Personal information
- Full name: Amadou Tidiane Dia
- Date of birth: June 8, 1993 (age 32)
- Place of birth: Nantes, France
- Height: 1.78 m (5 ft 10 in)
- Position: Left-back

Team information
- Current team: Louisville City
- Number: 13

Youth career
- 2007–2011: Real Colorado

College career
- Years: Team / Apps / (Gls)
- 2011–2014: Clemson Tigers / 70 / (4)

Senior career*
- Years: Team / Apps / (Gls)
- 2013–2014: Real Colorado Foxes / 6 / (1)
- 2015–2016: Sporting Kansas City / 32 / (0)
- 2016: → Swope Park Rangers (loan) / 3 / (0)
- 2016: Montreal Impact / 1 / (0)
- 2017–2019: Phoenix Rising / 83 / (4)
- 2020–2021: Sporting Kansas City / 16 / (0)
- 2020–2021: Sporting Kansas City II / 10 / (0)
- 2022–: Louisville City / 109 / (4)

International career^{‡}
- 2010: United States U18 / 8 / (0)

= Amadou Dia =

American soccer player (born 1993)

Amadou Tidiane Dia (born June 8, 1993) is a professional soccer player who plays as a left-back for Louisville City in the USL Championship. Born in France, he has represented the United States at youth level.

==Early life ==
Dia was born in Nantes, France and moved to the United States at a young age, settling in California, before relocating to Highlands Ranch, Colorado. He holds both American and French nationalities. His parents were born in Senegal and Cape Verde.

==Career==
===College and amateur===
Dia spent all four years of his college career at Clemson University where he made a total of 70 appearances for the Tigers and tallied four goals and four assists.

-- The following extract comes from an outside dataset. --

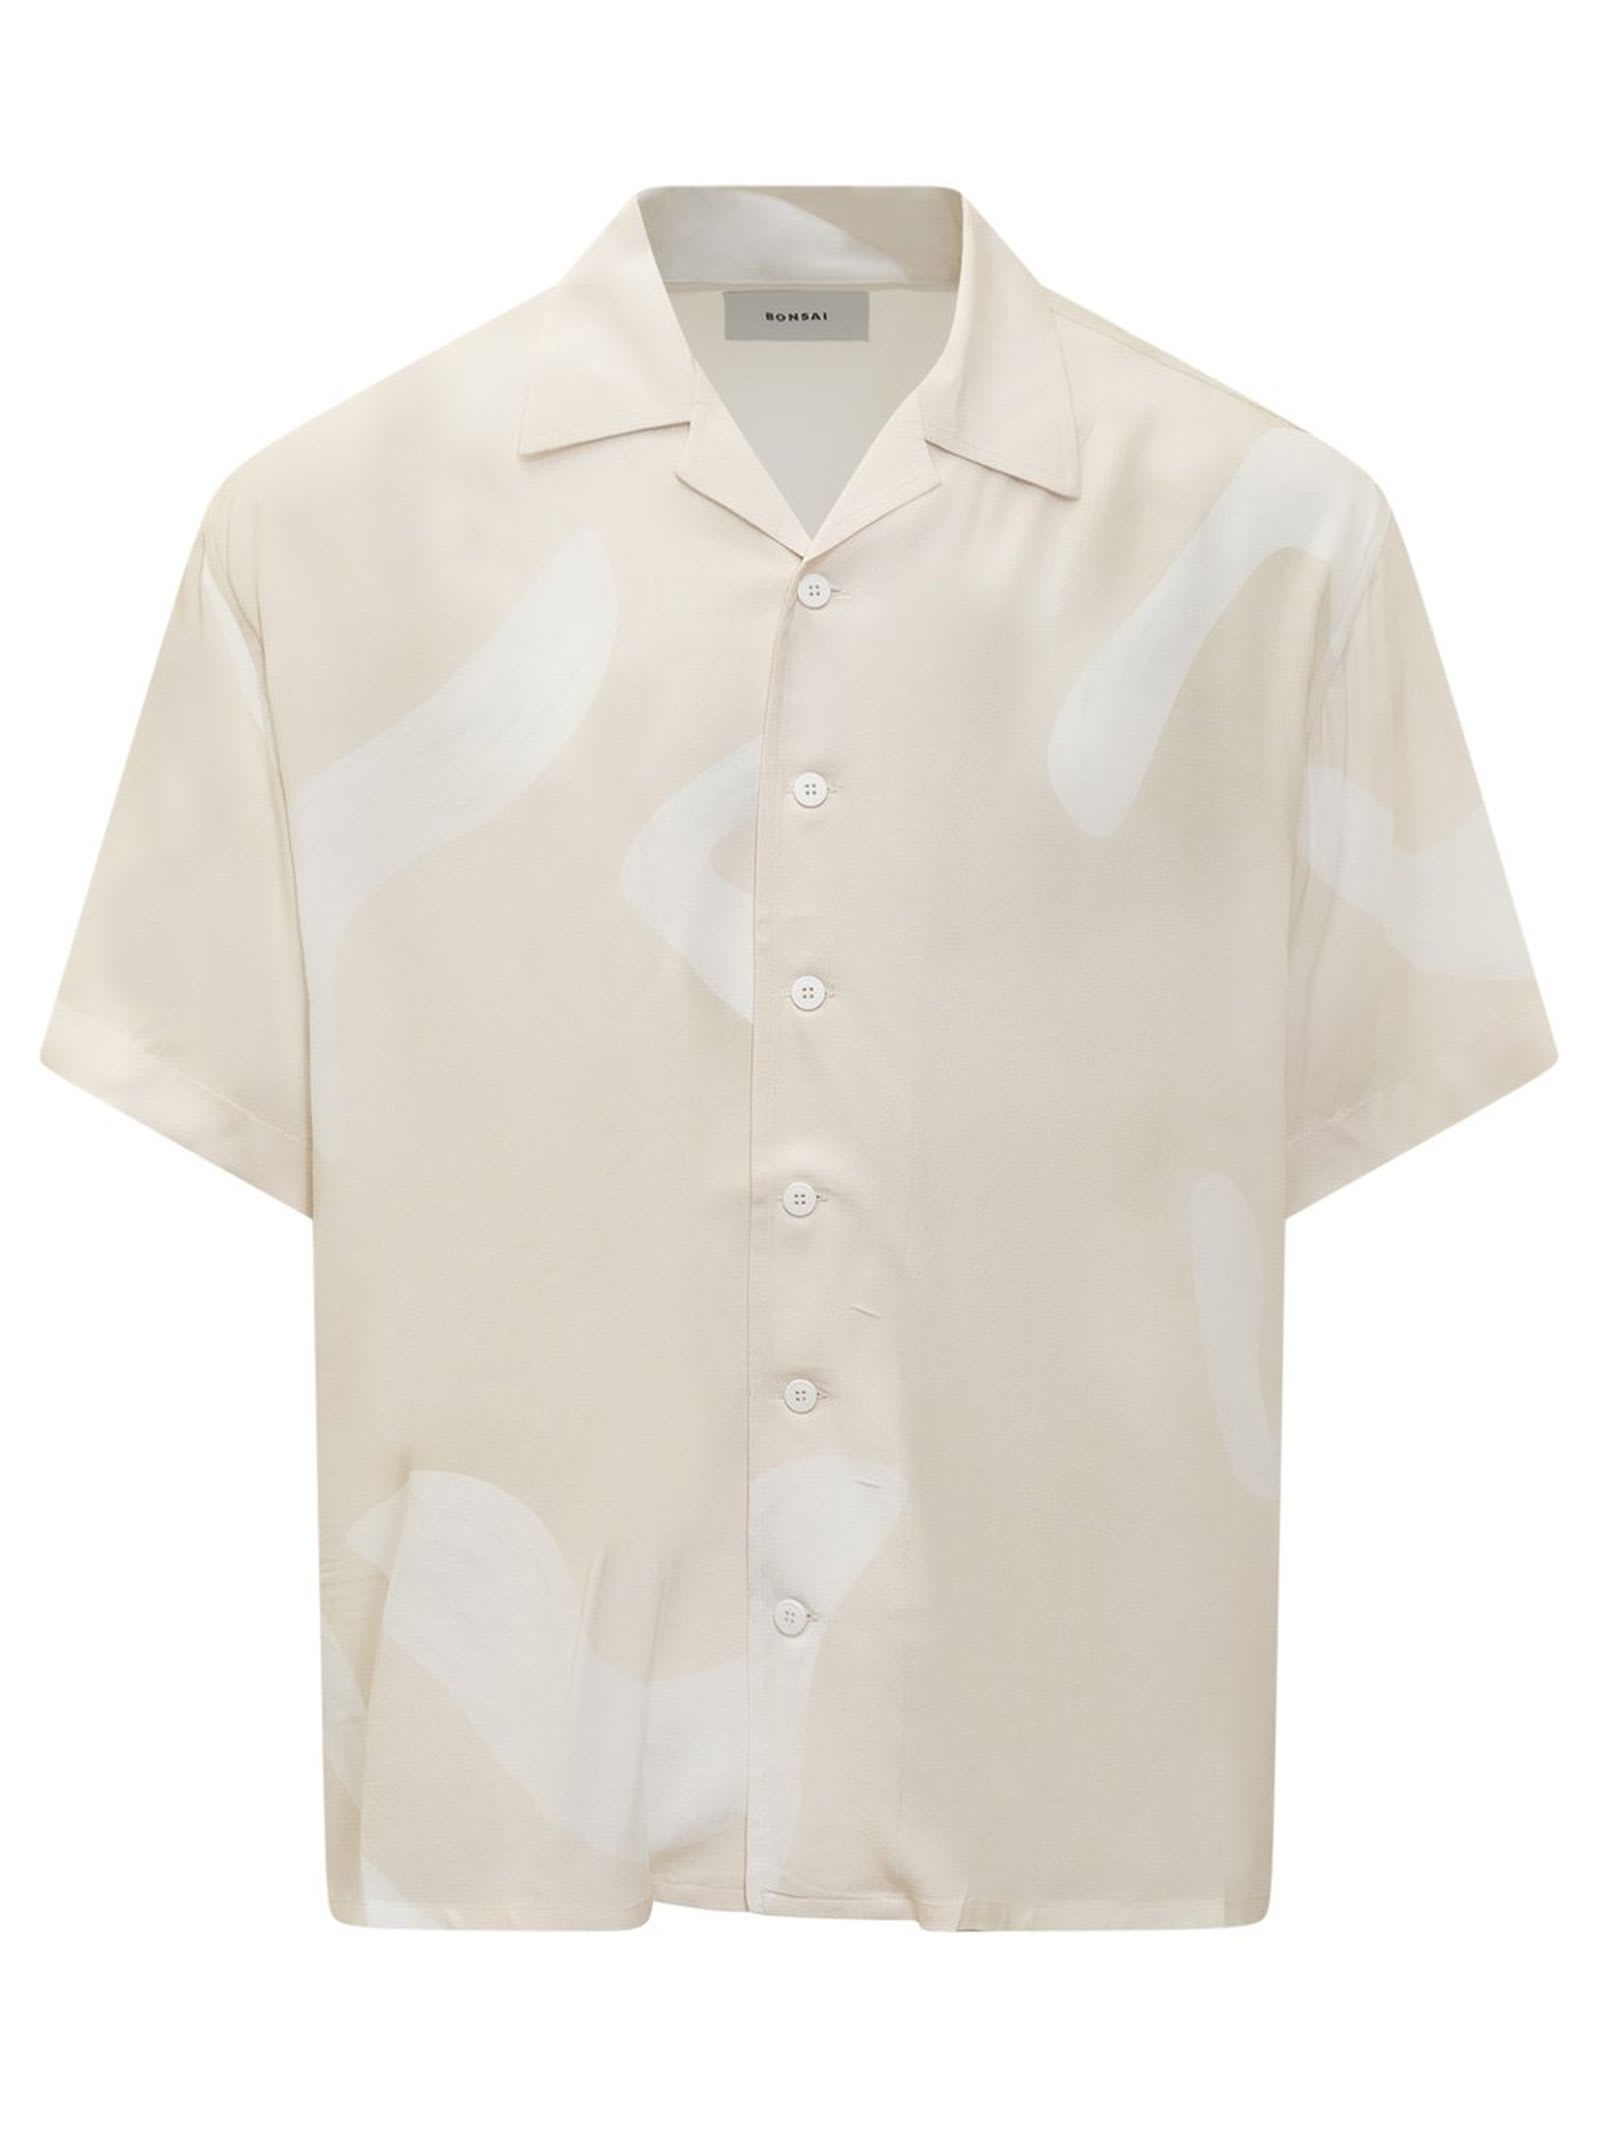 Bonsai Ivory White Cotton Shirt

He also spent two seasons in the Premier Development League for Real Colorado Foxes.

===Professional===
Dia was drafted 20th overall in the 2015 MLS SuperDraft by Sporting Kansas City. He made his professional debut on March 8 against the New York Red Bulls. In July 2016, Dia was traded by Sporting Kansas City to the Montreal Impact in exchange for forward Cameron Porter. His option was declined following the 2016 season. Dia then signed with Phoenix Rising FC on June 9, 2017.

Dia returned to Sporting Kansas City in January 2020. Following the 2021 season, Dia's contract option was declined by Kansas City.

On January 14, 2022, Dia joined USL Championship club Louisville City.